London, Berlin - und hier

Der italienische Spezialitätenladen hat zugemacht, an seiner Stelle hat ein todschicker italienischer Eissalon aufgemacht - oder sind das die gleichen Betreiber, die nur ihre Businessstrategie geändert haben? Wie der italienische Laden sich so lange halten konnte, war mir sowieso schon immer ein Rätsel - monatelang standen da die gleichen verstaubten Panettone-Boxen im Schaufenster. Das Pommes-heiße-Hähnchen-Bistro, in dem wir schon als Kind Fritten gegessen haben, ist noch immer da. Der Araber, der vor ein paar Jahren aufgemacht hat und halal Fleisch verkauft hat, scheint sich nicht gehalten zu haben. Dafür glaube ich meinen Augen nicht trauen zu können, als ich ein Pommes-Hamburger-Bistro sehe, das laut Schaufensteraufschrift halal Burger zubereitet. Wow. So was kenne ich aus London und Berlin - hier gab es so was bisher nicht.
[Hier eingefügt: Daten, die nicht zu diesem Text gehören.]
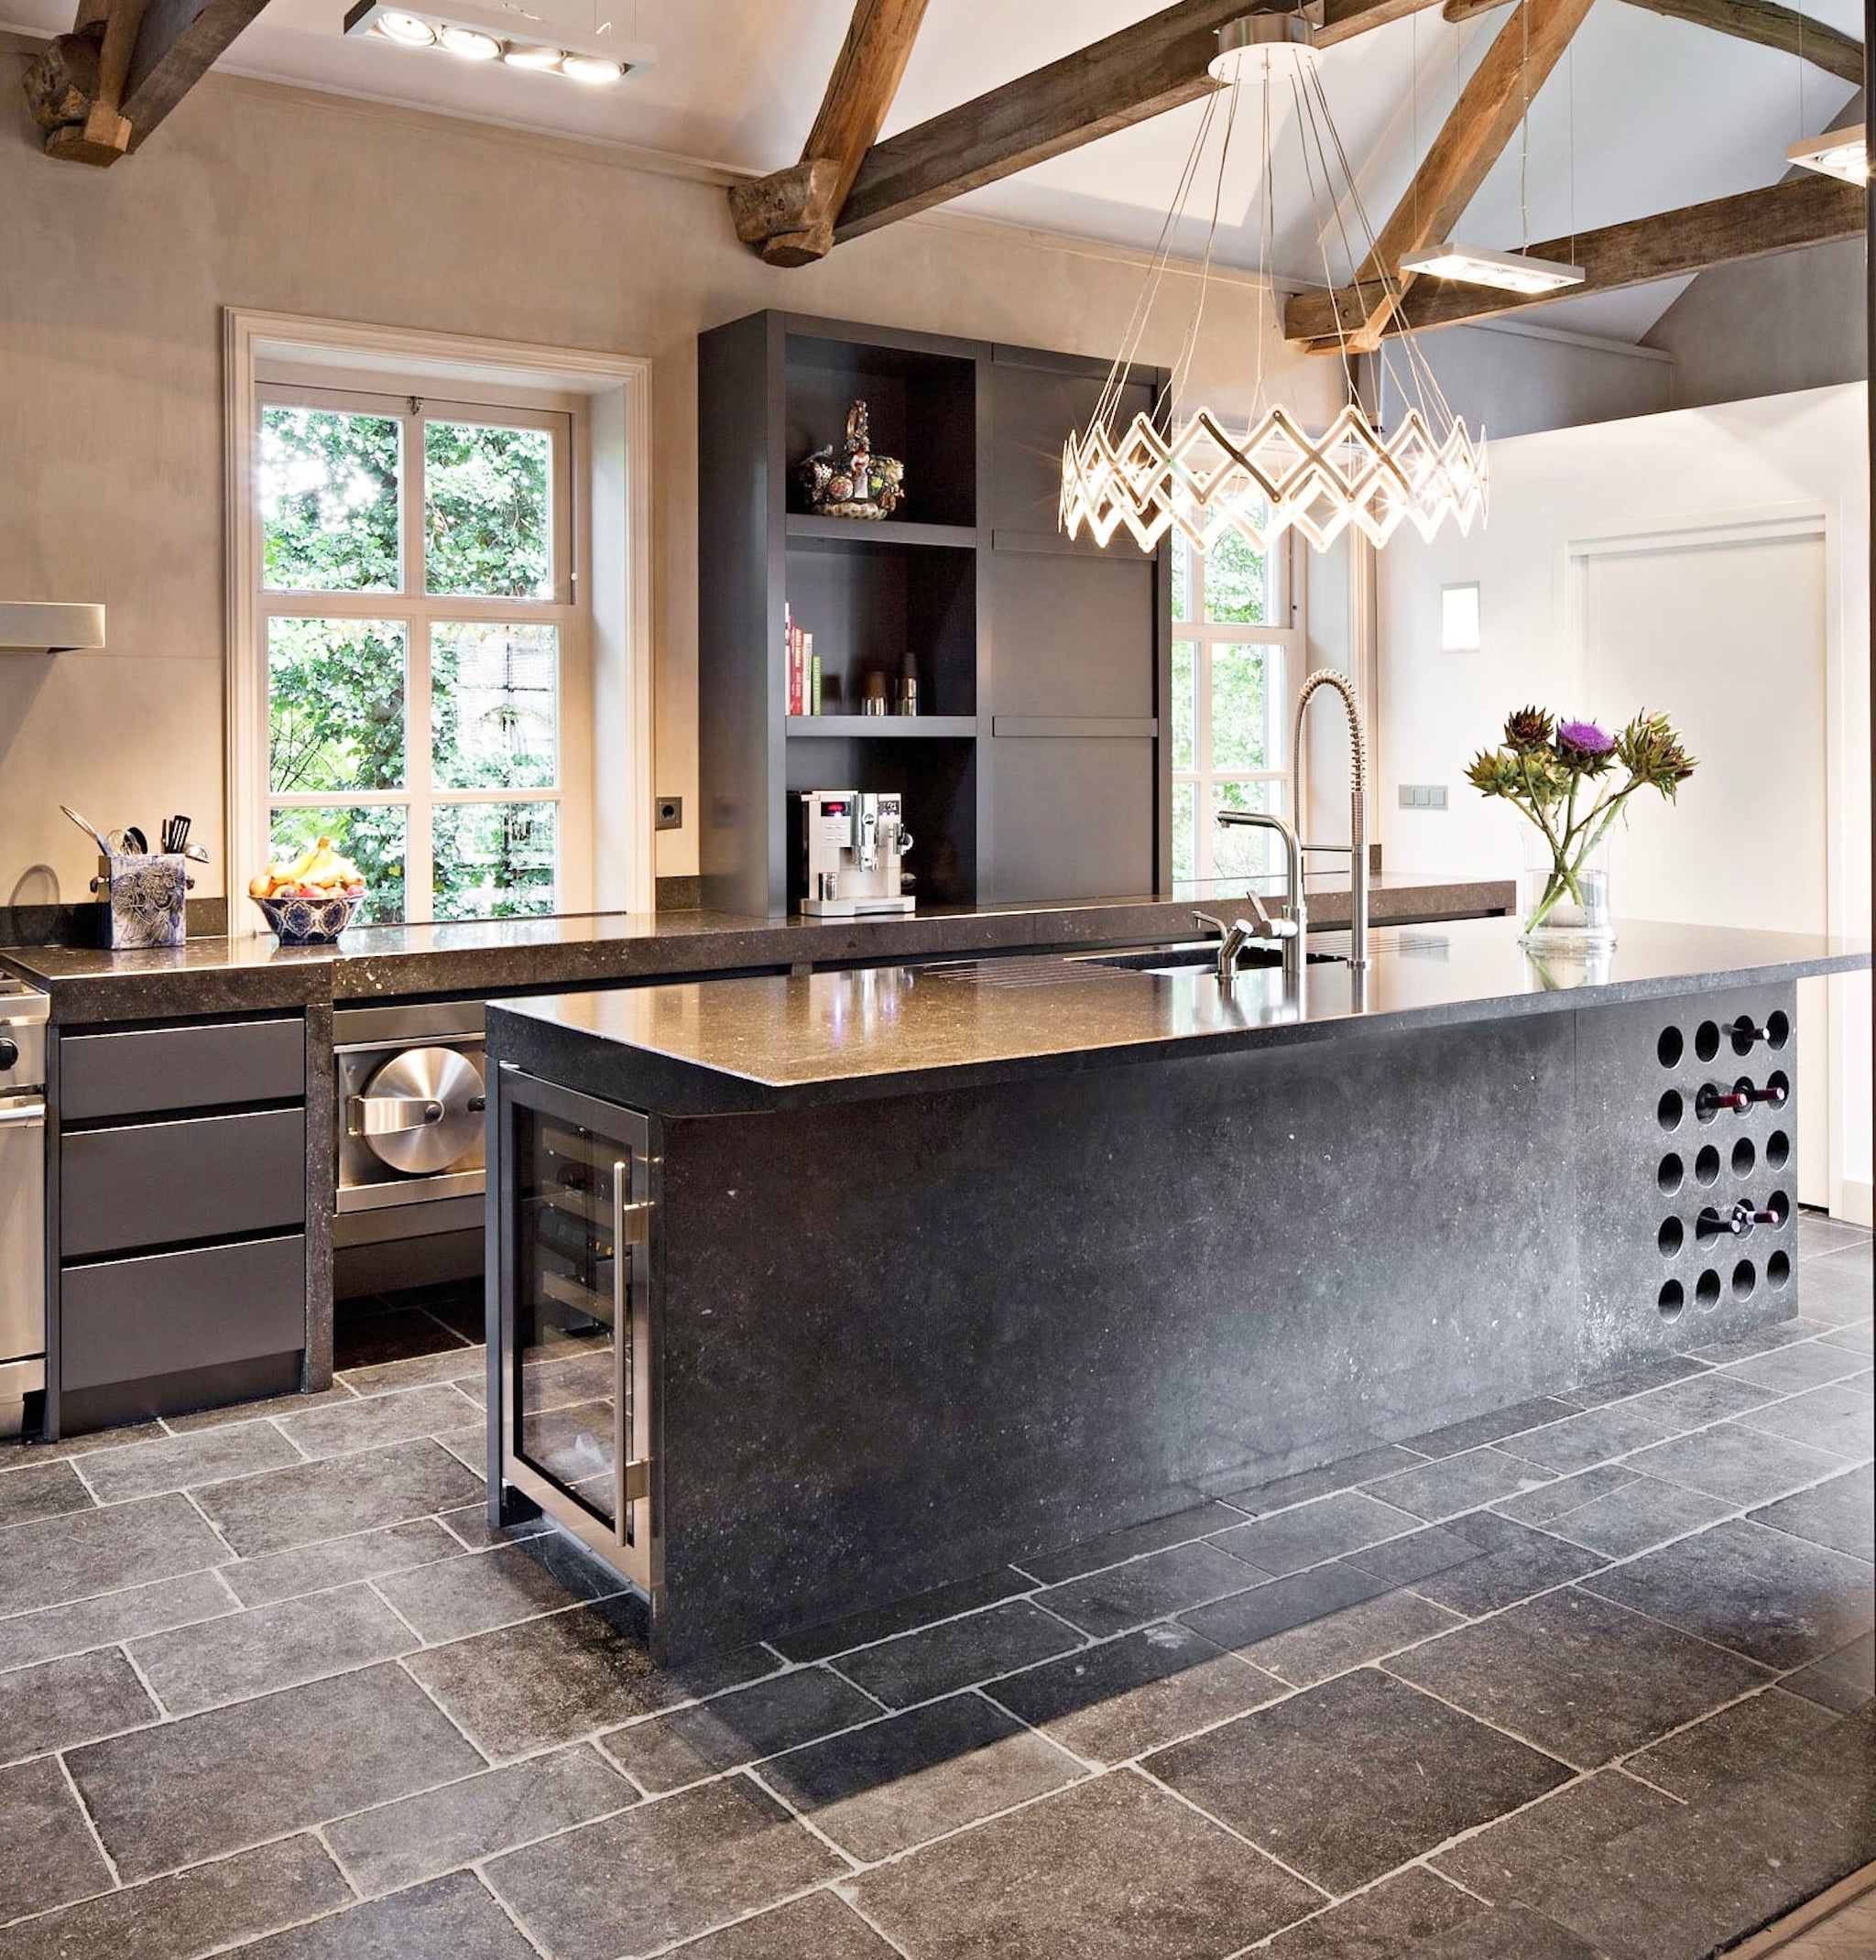 Pros and Cons of Natural Stone Flooring in Your Kitchen

Indisch-deutscher Soul im türkischen Resto

Das türkische Resto, in dem wir schließlich essen, ist in alewitischer Hand. In den anderthalb Stunden, die wir dort zusammen sitzen, kommen nach und nach mehr Gäste, bis wirklich alle Tische belegt sind. Es sind junge Leute, viele Studenten, aber auch Familien mit kleinen Kindern, an einem Tisch sitzen zwei ältere türkische Männer. An den orange gestrichenen Wänden hängen Schwarz-Weiß-Fotografien von Menschen in der Türkei. Als Teil eines Kunstprojekts, das zurzeit im Viertel stattfindet, singt hier heute Abend eine junge deutsch-indische Frau, die lange Jahre in Schweden gelebt hat. Die Musik ist toll - irgendwas zwischen Soul, Deutsch-Pop und Elektro-Pop. 

Hier hab ich mal gewohnt

Hier habe ich mal gewohnt. Es ist lange genug her, dass ich noch weiß, wie es früher war, aber kurz genug, dass es immer noch vertraut ist.